■ **What to work on**:
Pictures aside, reproduce exactly each line from the one holding "My car is bigger." through the last line of the material, both ends included.

■ **Data shown**:
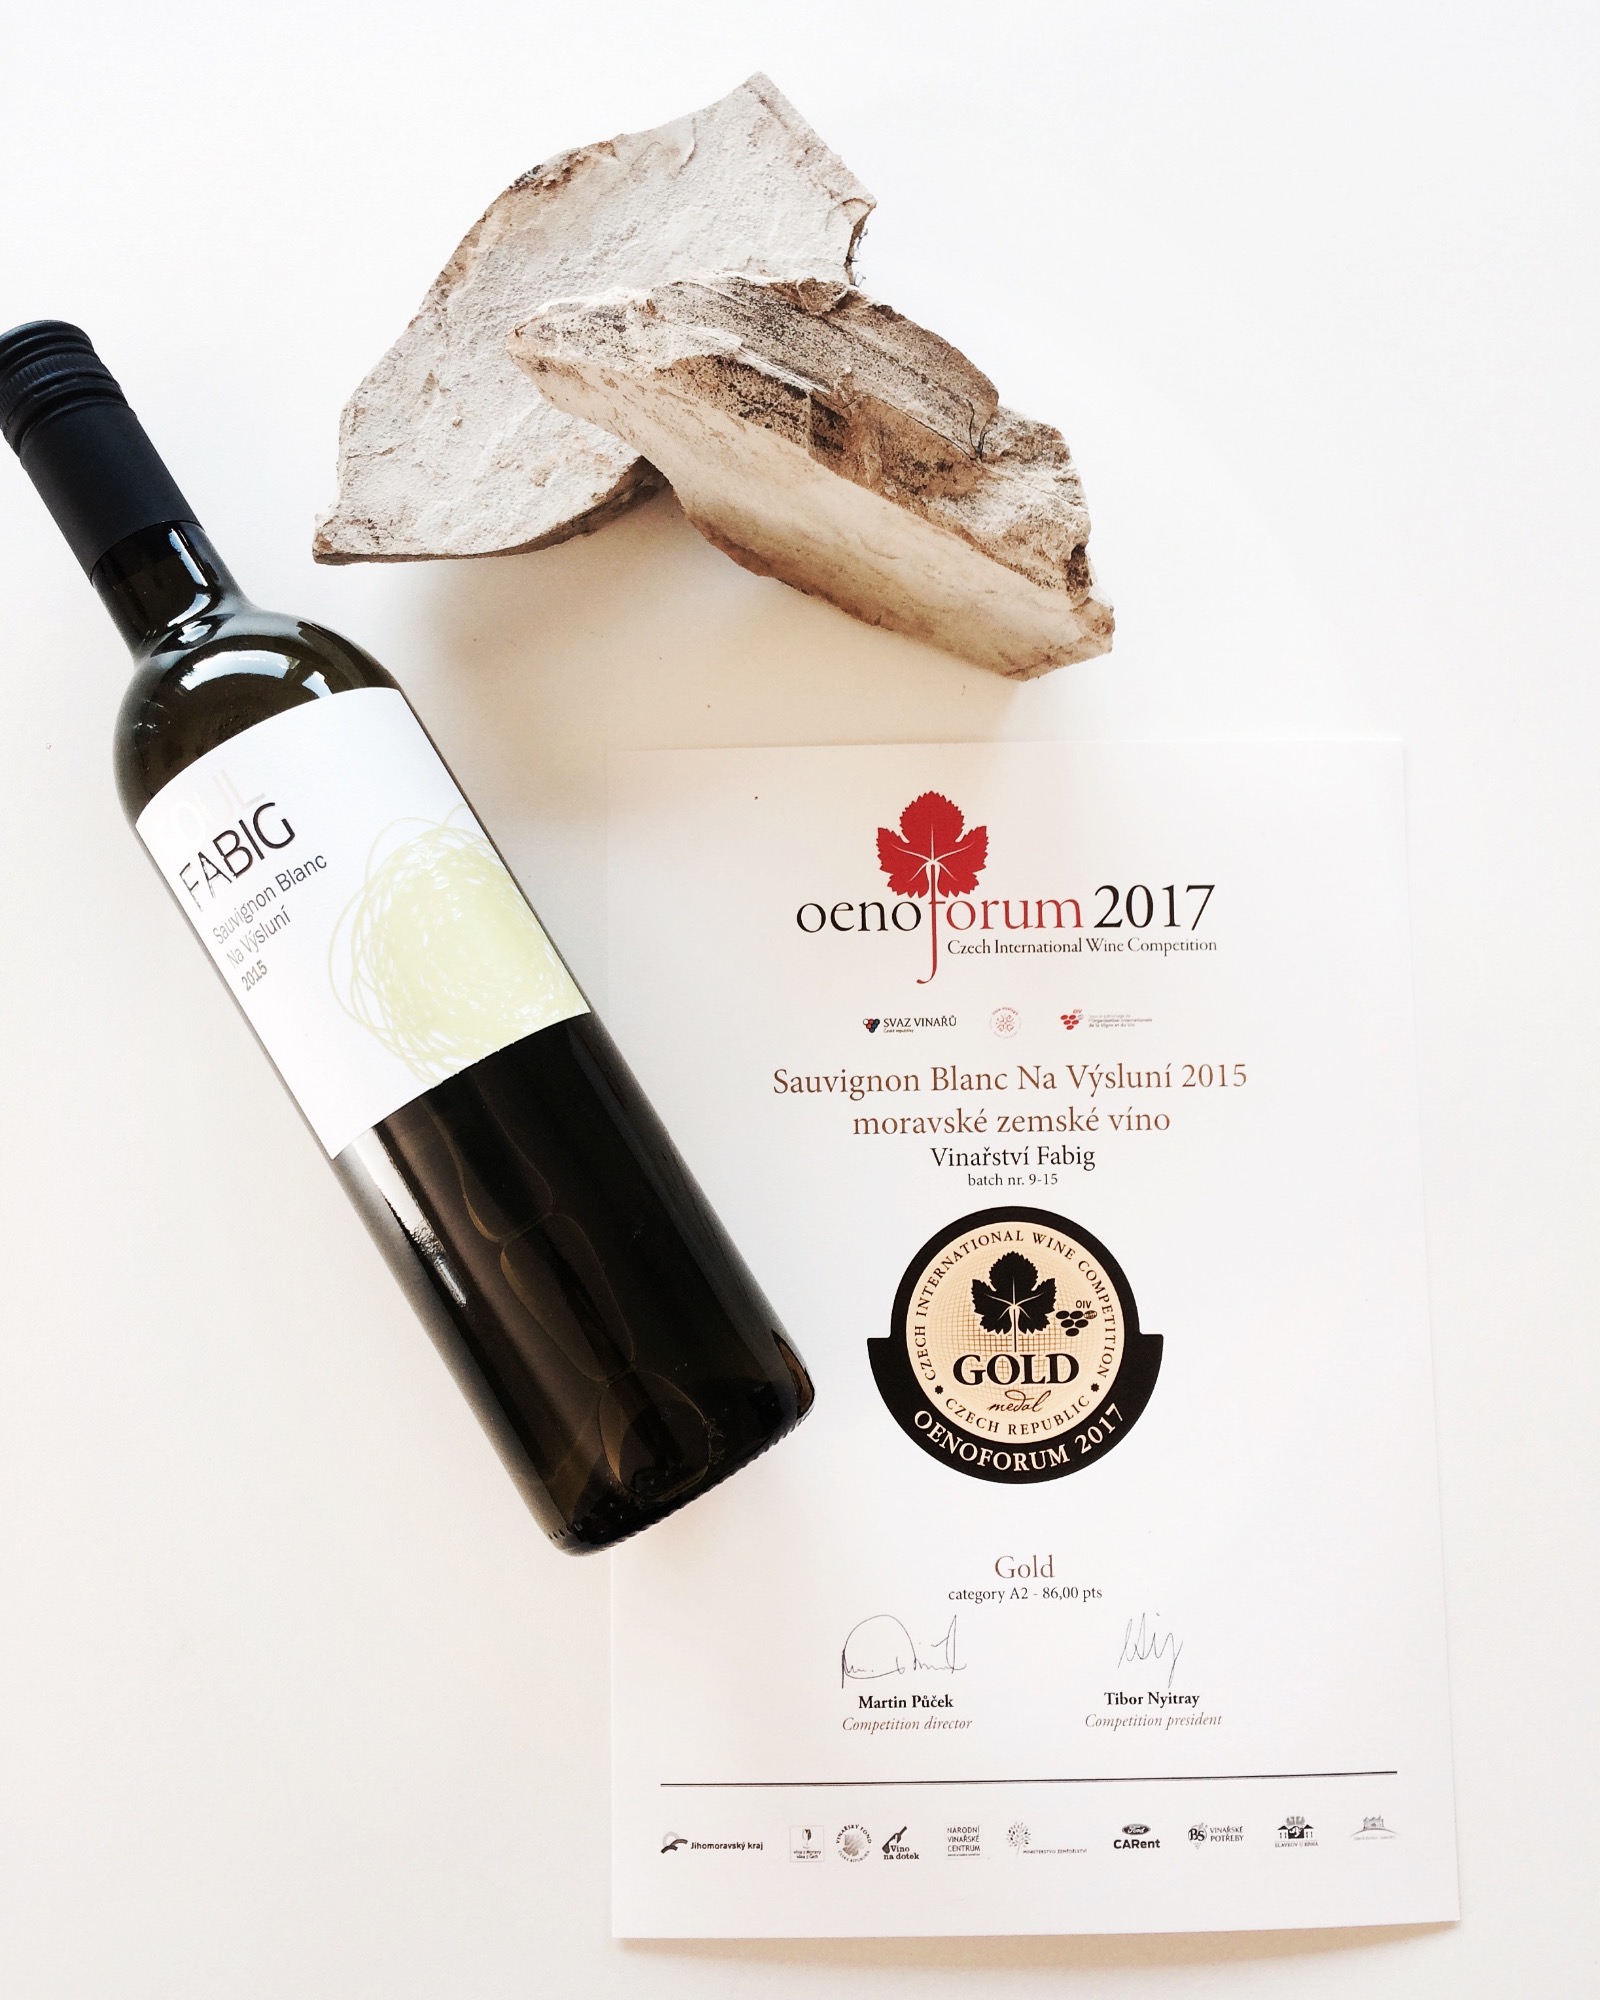 Sauvignon Blanc Na výsluní & Oenoforum 2017
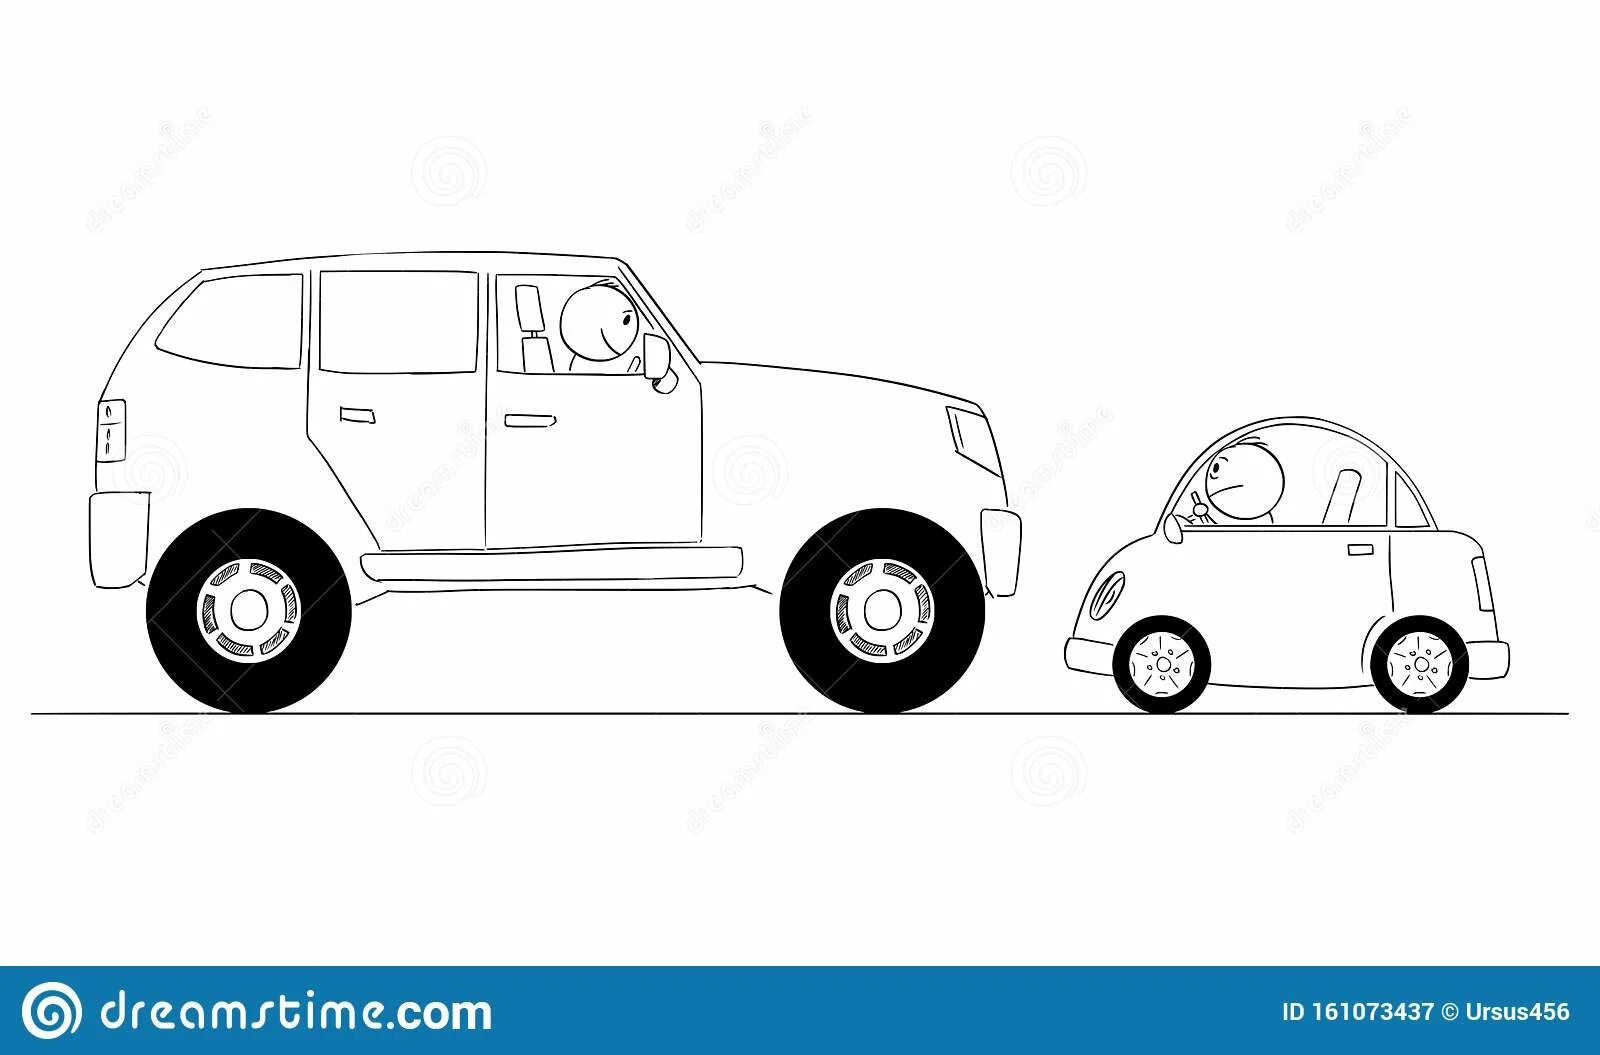 My car is bigger. Машина рисунок для детей. Big and small cars. ETK 900 big and small cars. Сидячая машина рисунок.
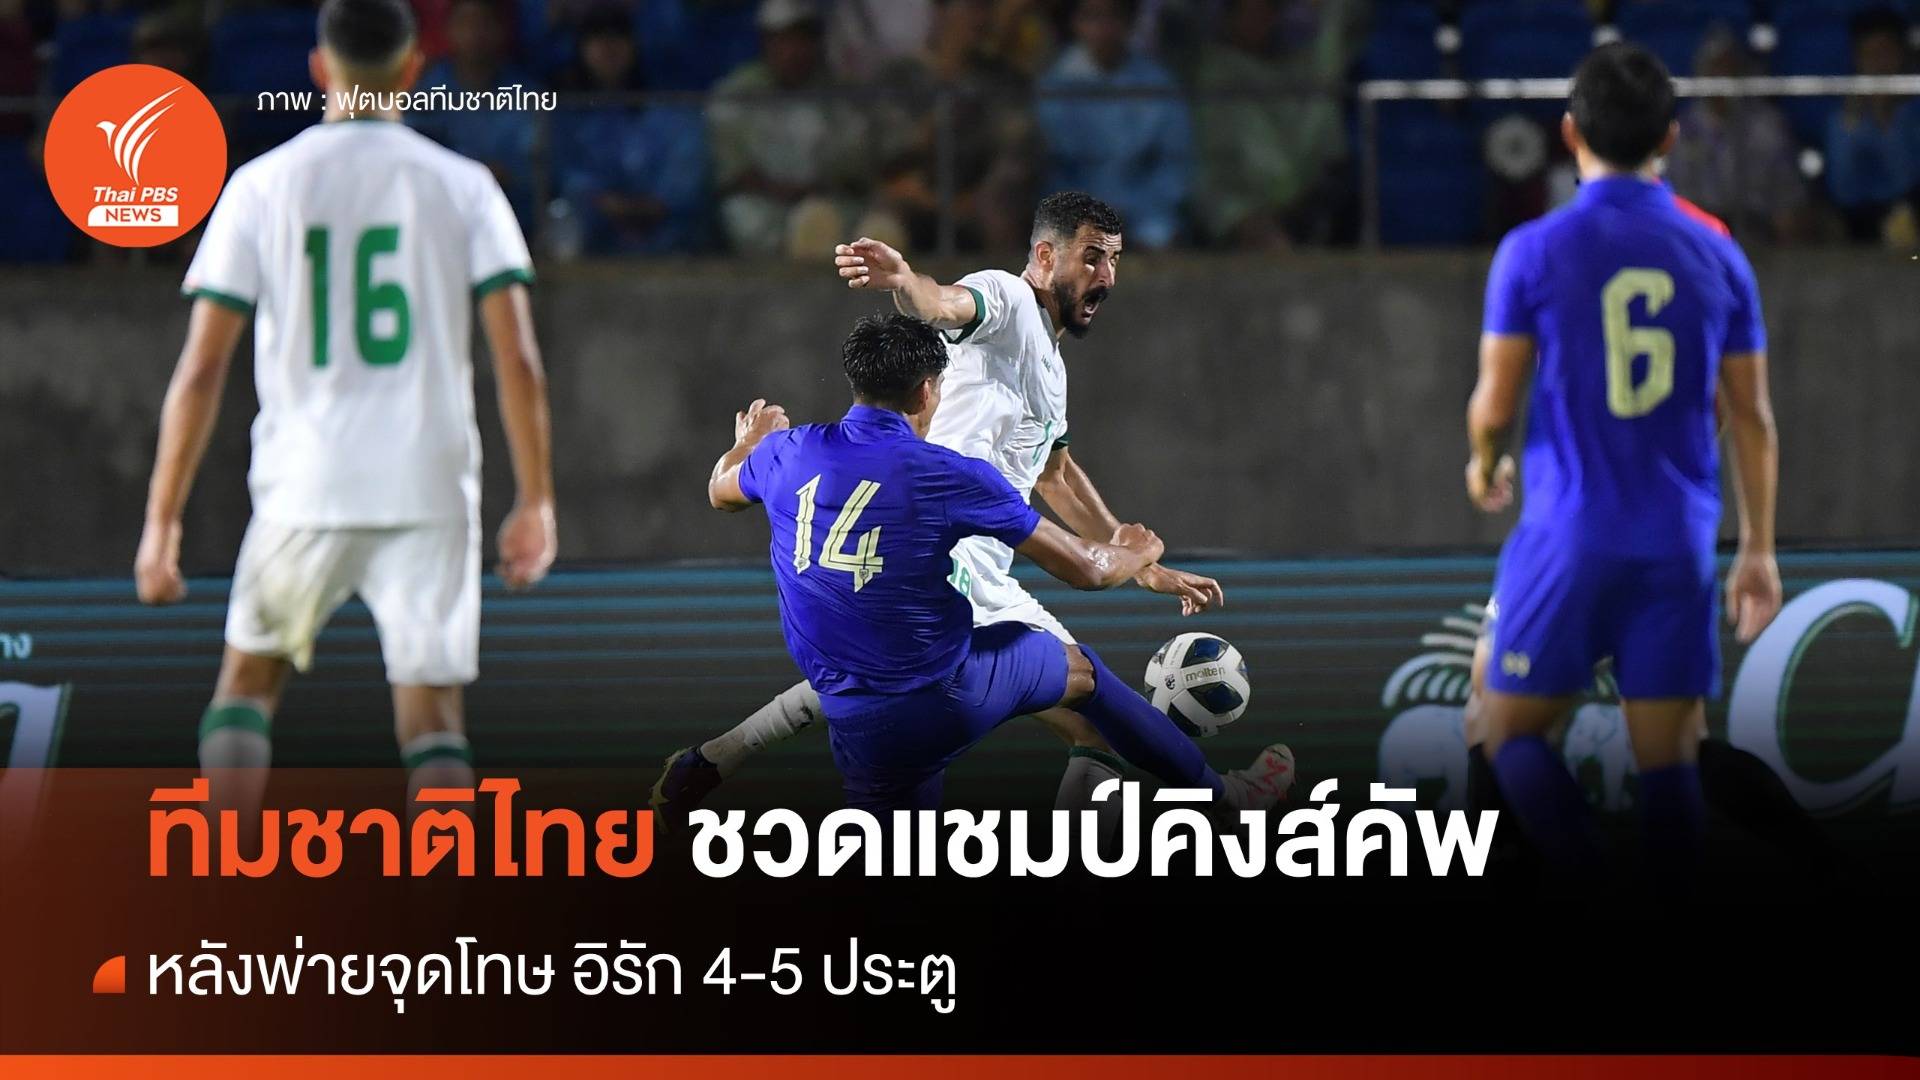 ทีมชาติไทยชวดแชมป์คิงส์คัพ พ่ายจุดโทษ อิรัก 4-5 ประตู

■ **Solution to the problem**:
 My car is bigger. Машина рисунок для детей. Big and small cars. ETK 900 big and small cars. Сидячая машина рисунок.
 ทีมชาติไทยชวดแชมป์คิงส์คัพ พ่ายจุดโทษ อิรัก 4-5 ประตู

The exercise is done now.